Al comenzar la pubertad, cuando me dio por leer algunas novelas decimonónicas en las que escribirse notas era algo común y cotidiano, mi hermana y yo iniciamos el juego de escribírselas a mi entonces amiga y vecina, de cuyo nombre no quiero acordarme. De modo que, aunque nos hubiésemos visto el día anterior, le anotábamos algunos apuntes tontos o anécdotas del colegio en una hoja de nuestras libretas y se lo dejábamos en su buzón, firmando como "Señoras García", o "Condesas de Orange". Al día siguiente, nada había más emocionante que llegar a casa de la escuela y pedirle a mamá que mirara en el buzón a ver si había carta, porque seguramente la había, aunque fuese media cuartilla, y aunque un par de horas después fuéramos a casa de la remitente a pasar la tarde juntas.

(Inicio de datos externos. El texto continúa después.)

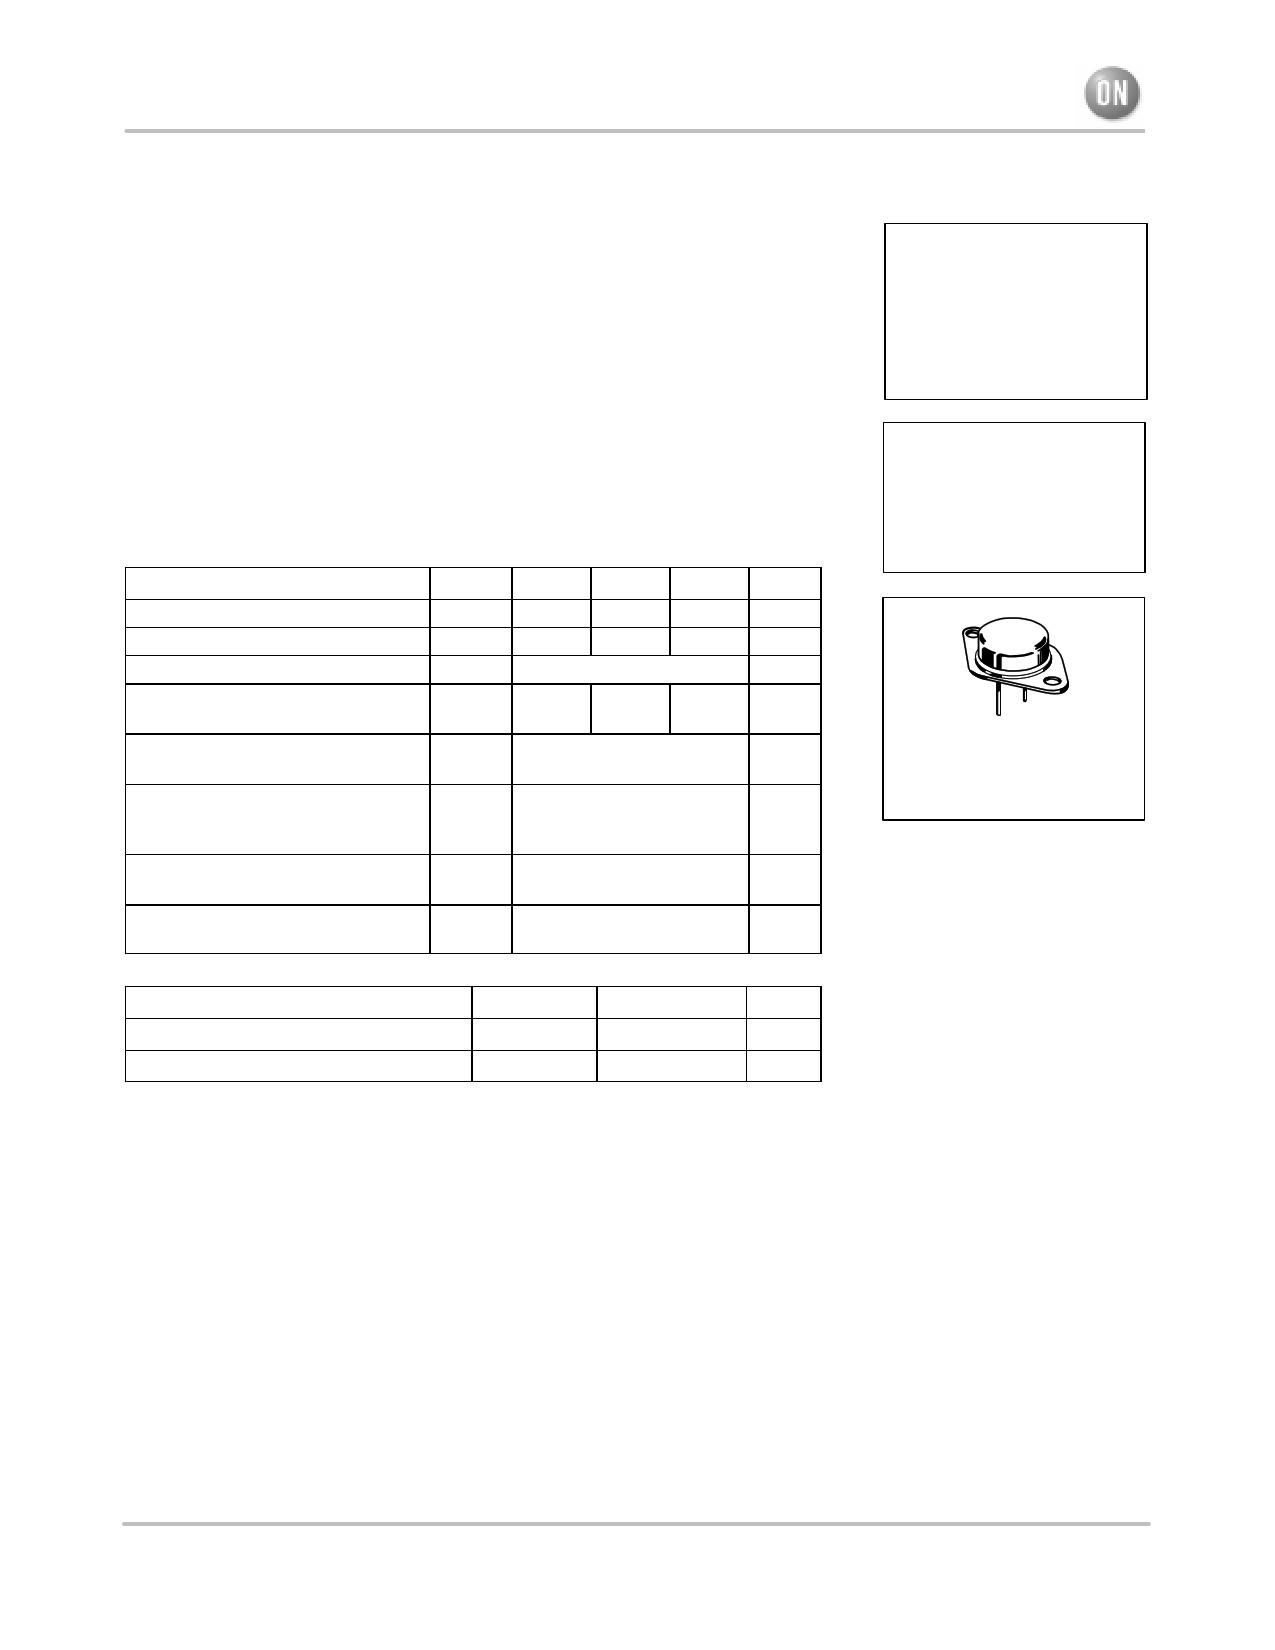 2N4399 datasheet

Este recuerdo me ha venido a la memoria porque estoy leyendo el libro
Ligero de equipaje, la biografía que Ian Gibson, el renombrado hispanista, dedica a Antonio Machado. Intercala su narrativa con poemas, textos y cartas escritos por el insigne autor y otros contemporáneos del gran poeta, como Unamuno, Ortega y Gasset o Juan Ramón Jimenez; y no deja de maravillarme el dominio que tenían de la lengua los intelectuales de esta época, capaces de hacer rendir a cada palabra toda su belleza y su mejor resonancia.
¿Se imaginan cómo sería recibir una carta de tan ilustres señorías? Desde el encabezado, que me parece que comenzaría con un: "mi querisídima amiga", ya habría comenzado yo a emocionarme.
En estos tiempos que corren, más que nunca, admiro aquel que se toma su tiempo en escribir bien y bonito, y más aún si se lo escribe a otro ser humano, y hasta temblar de emoción si lo hace físicamente: con un boli en la mano, con el boli sobre el papel. No desdeño los avances tecnológicos, la evolución y el progreso, pero ¡demonios!, ¡qué pérdida irreparable ha sido dejar de escribirse cartas! Las generaciones futuras ya nunca conocerán ese placer inmenso de recibir un sobre a su nombre, donde se le comuniquen otros asuntos que no sean cosas que debe pagar, que se le hayan cobrado ya, o que debe recoger en su oficina de correos.
Me entristece tanto pensar que los tiempos de la retórica hayan pasado a la historia... Pero quiero ser optimista: prefiero pensar que esta ciudad es muy grande y aún no he encontrado la rebotica donde una vez a la semana quedan los tertulianos a afilar sus lenguas retóricas para que no se les oxiden. Donde los platónicos conversan e intercambian saberes con los kantianos, los poetas con los copleros, los cuentistas con los juglares, Proust con Pericles.